EXERCISE AIM
The whole listing is to be restated word for word with no images.

GIVEN INFORMATION
● ● ● ● ●

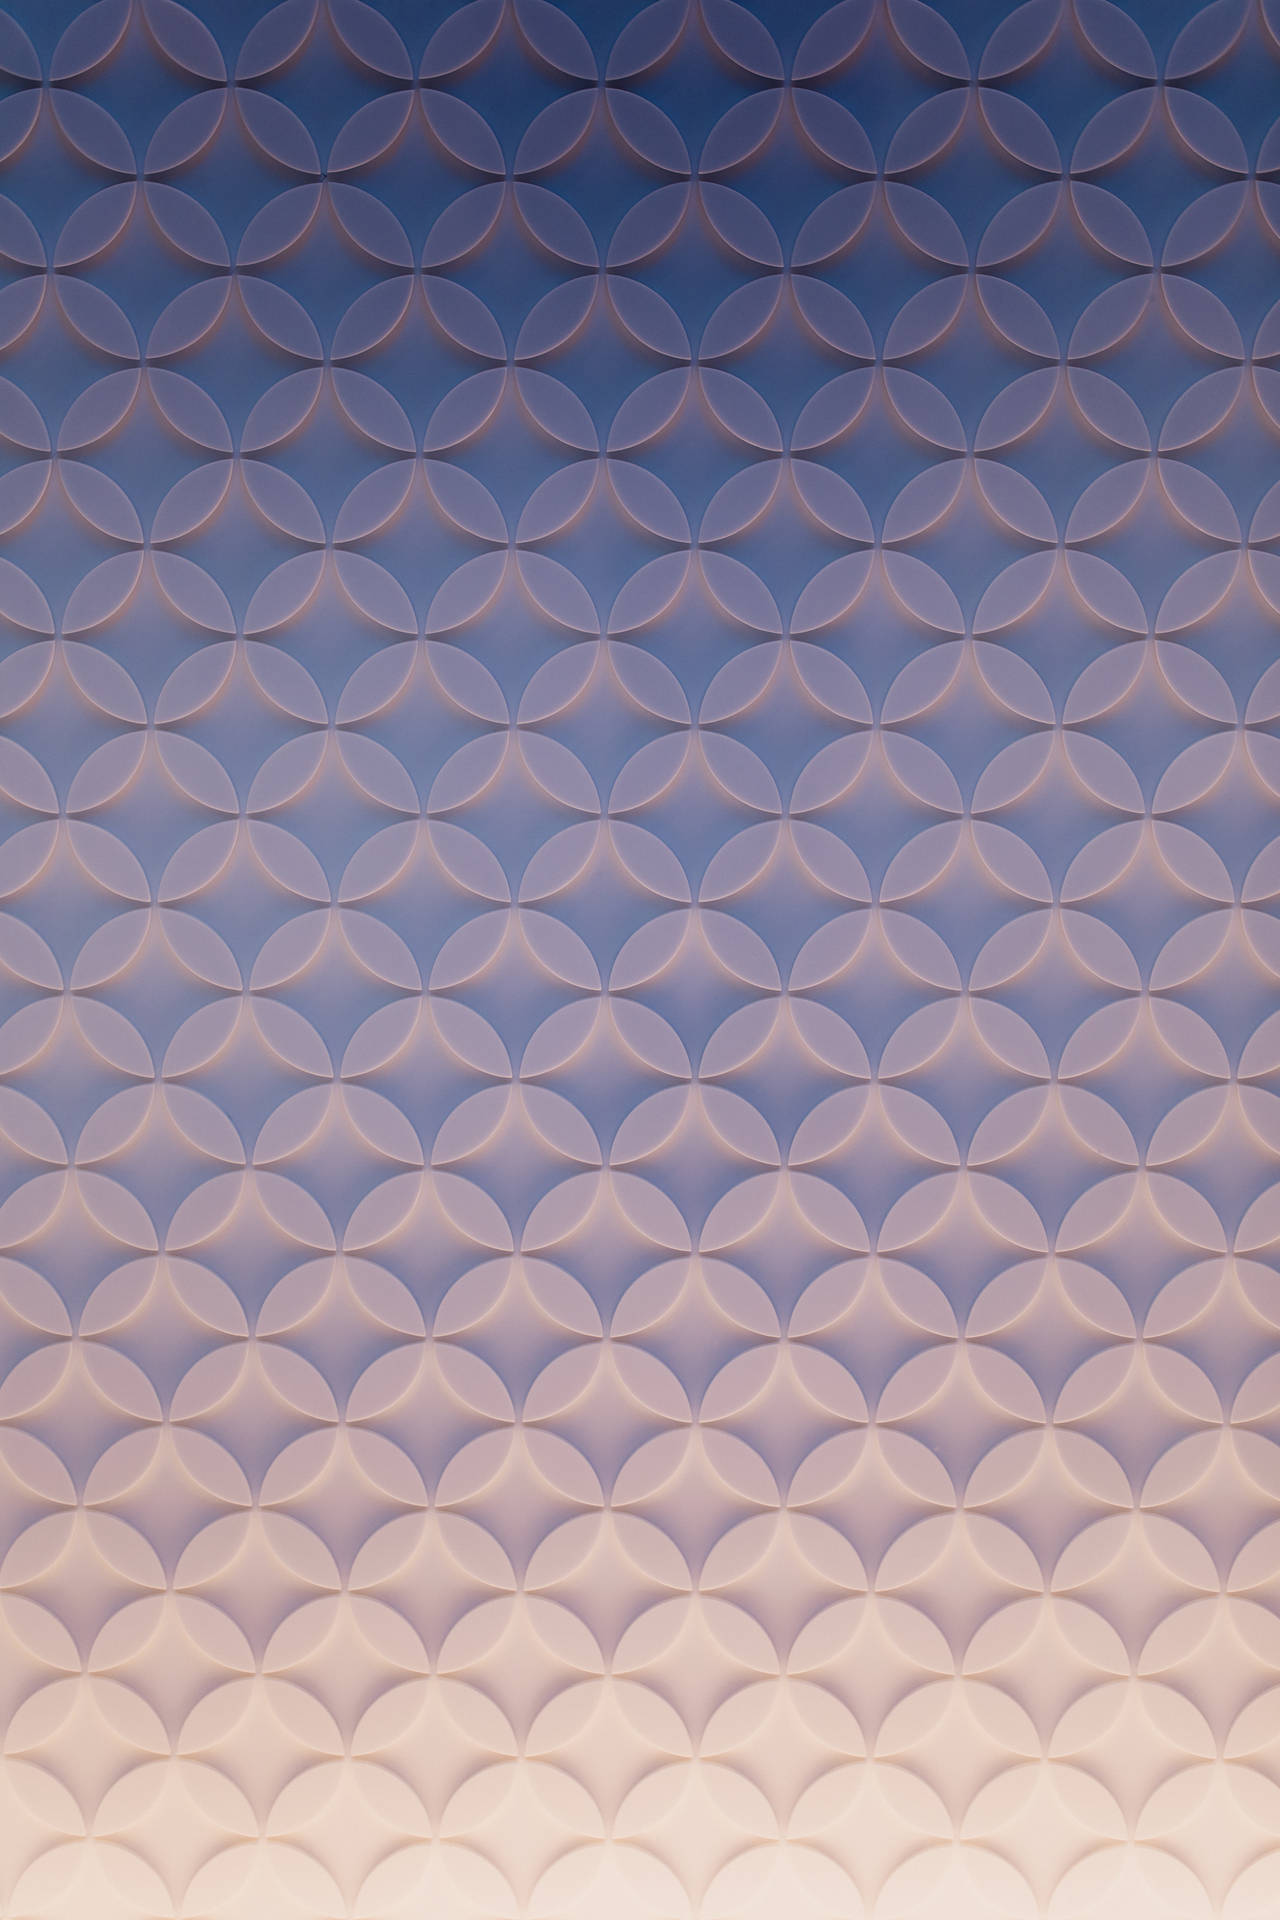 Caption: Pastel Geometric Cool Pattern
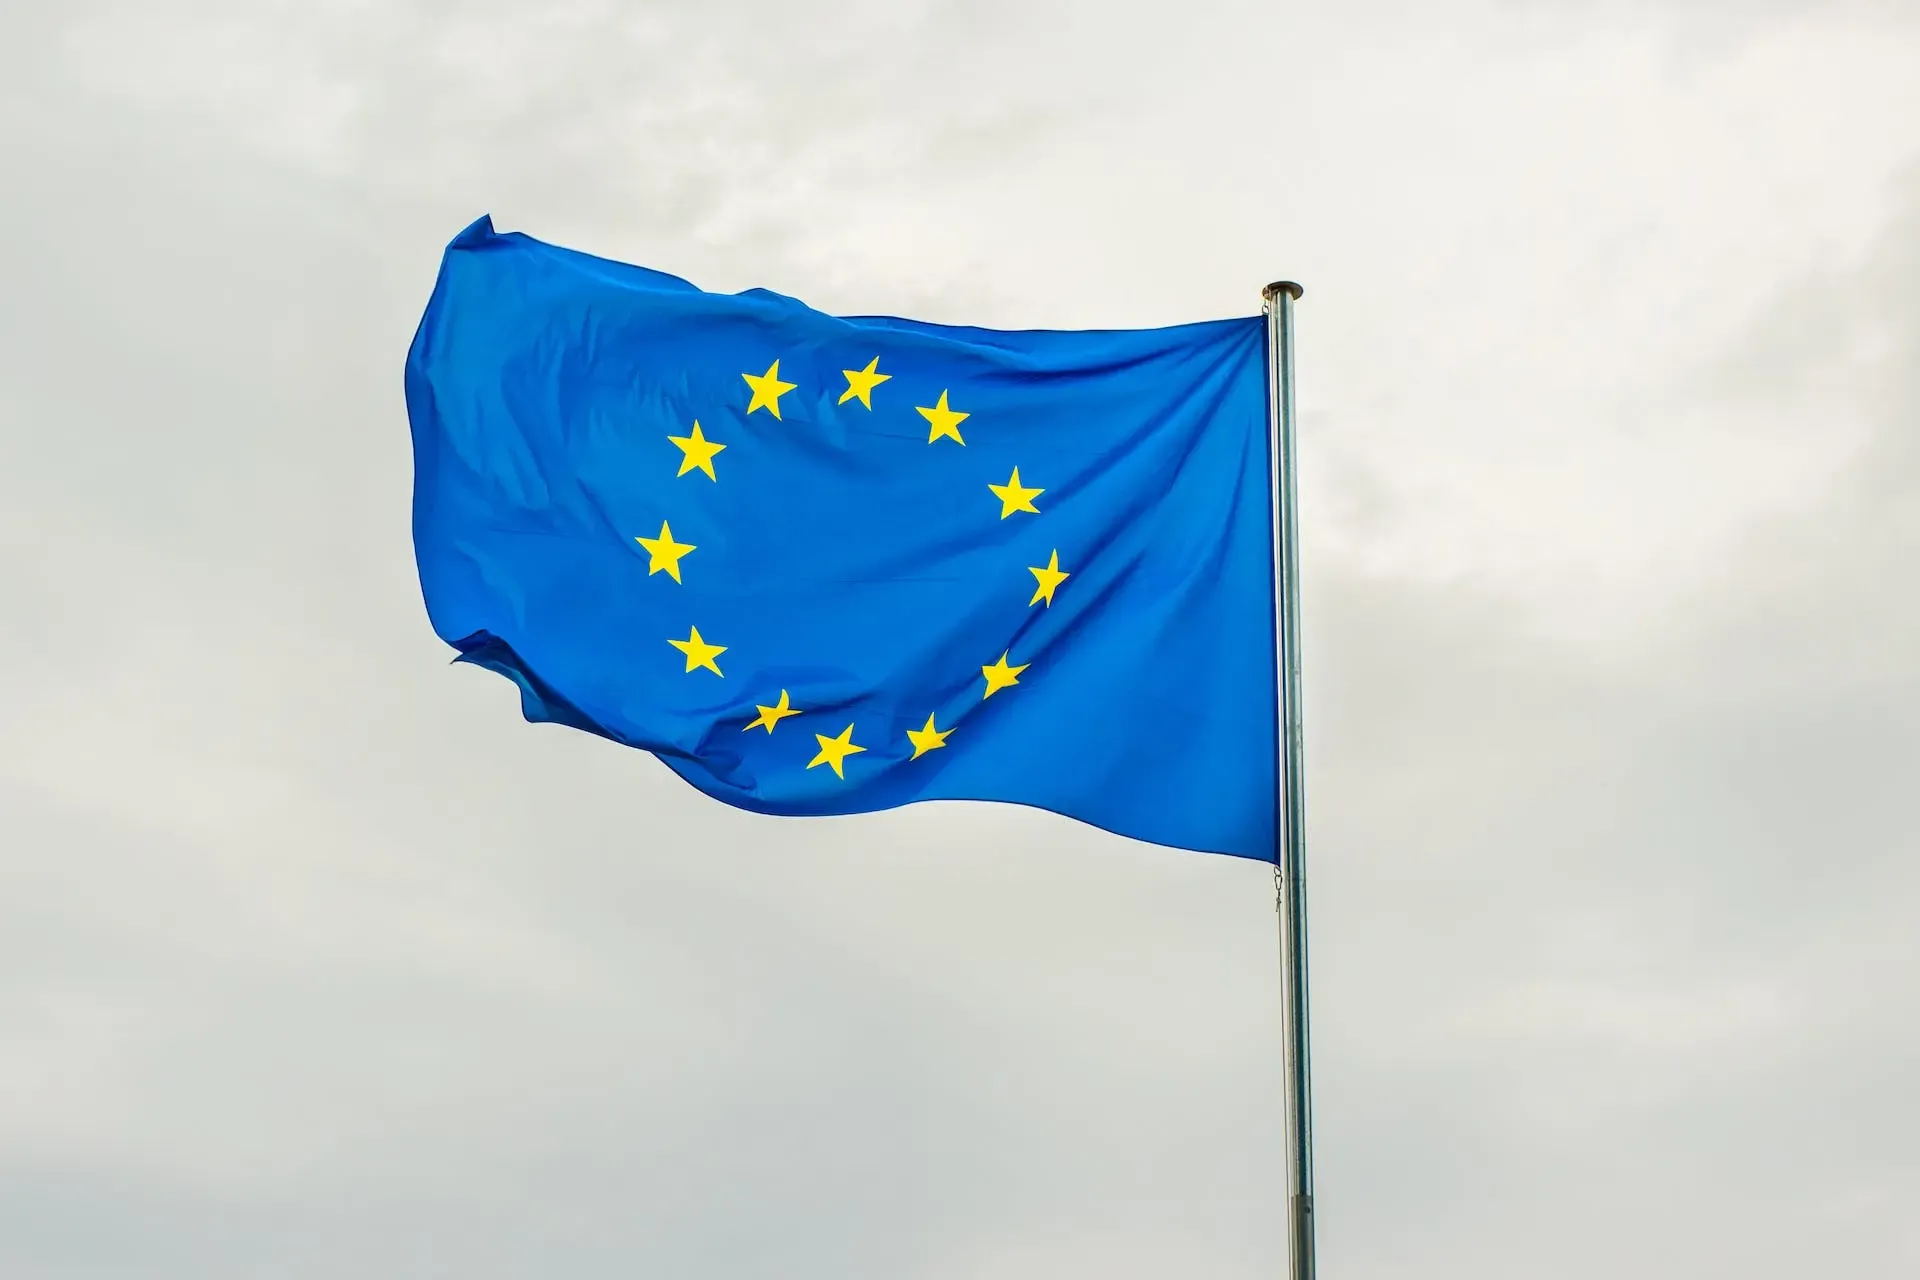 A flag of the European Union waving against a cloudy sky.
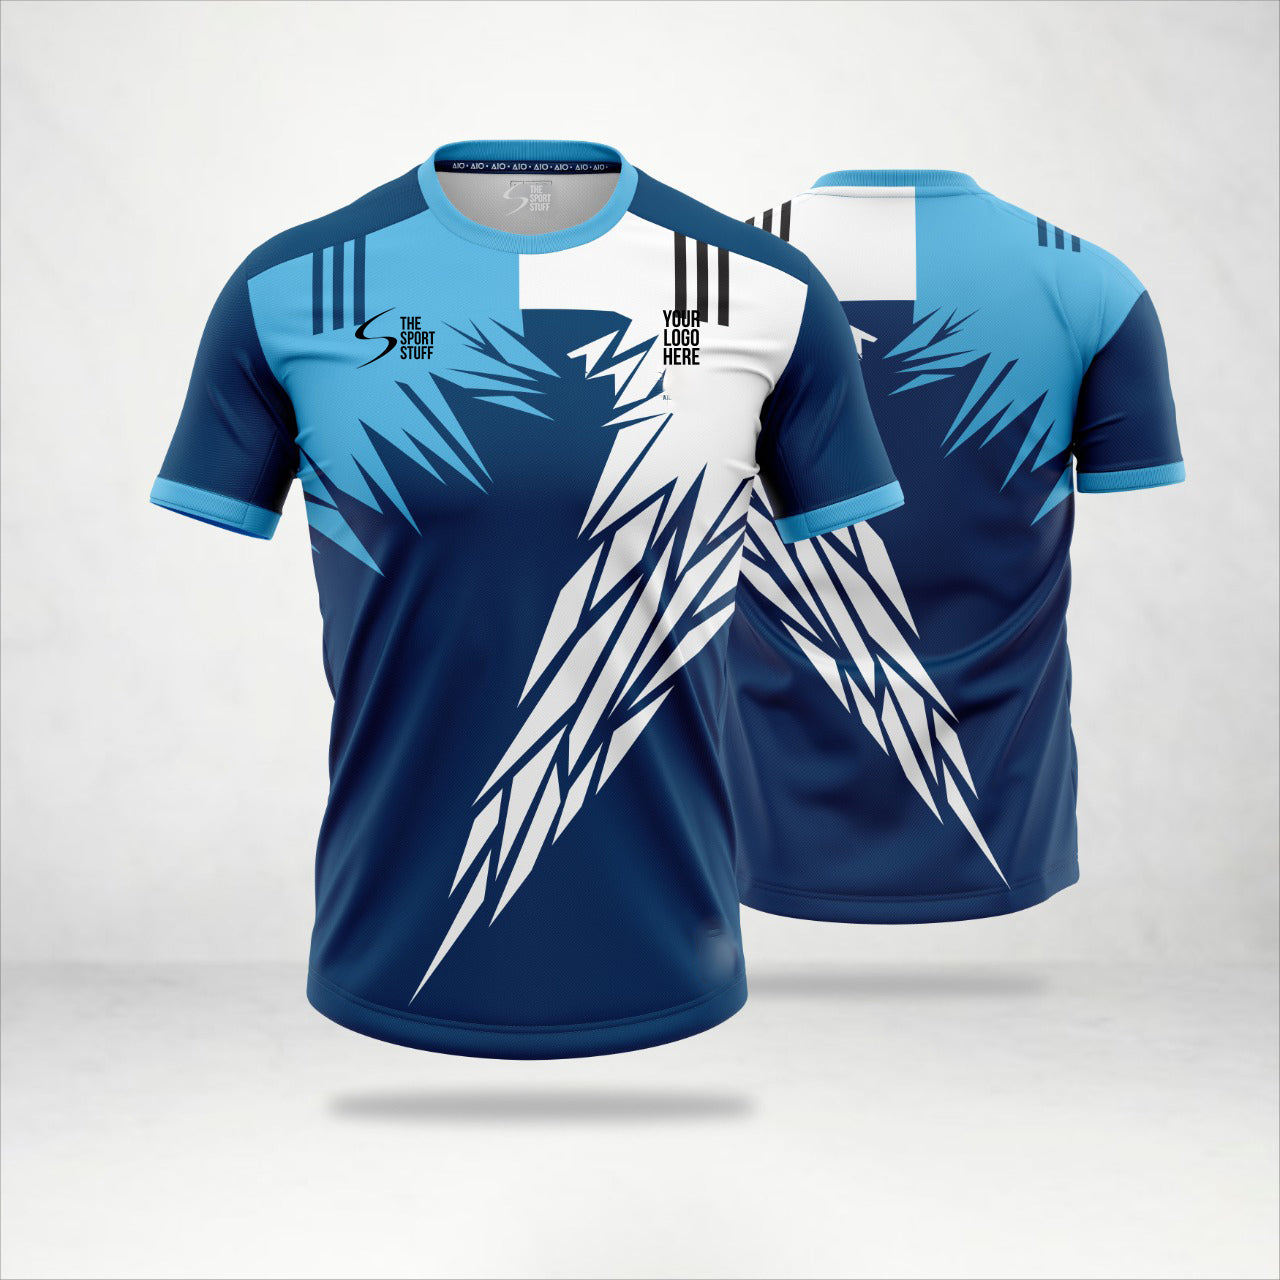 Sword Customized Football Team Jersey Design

● ● ● ● ●

ANSWER FOR THIS EXERCISE
 Caption: Pastel Geometric Cool Pattern
 A flag of the European Union waving against a cloudy sky.
 Sword Customized Football Team Jersey Design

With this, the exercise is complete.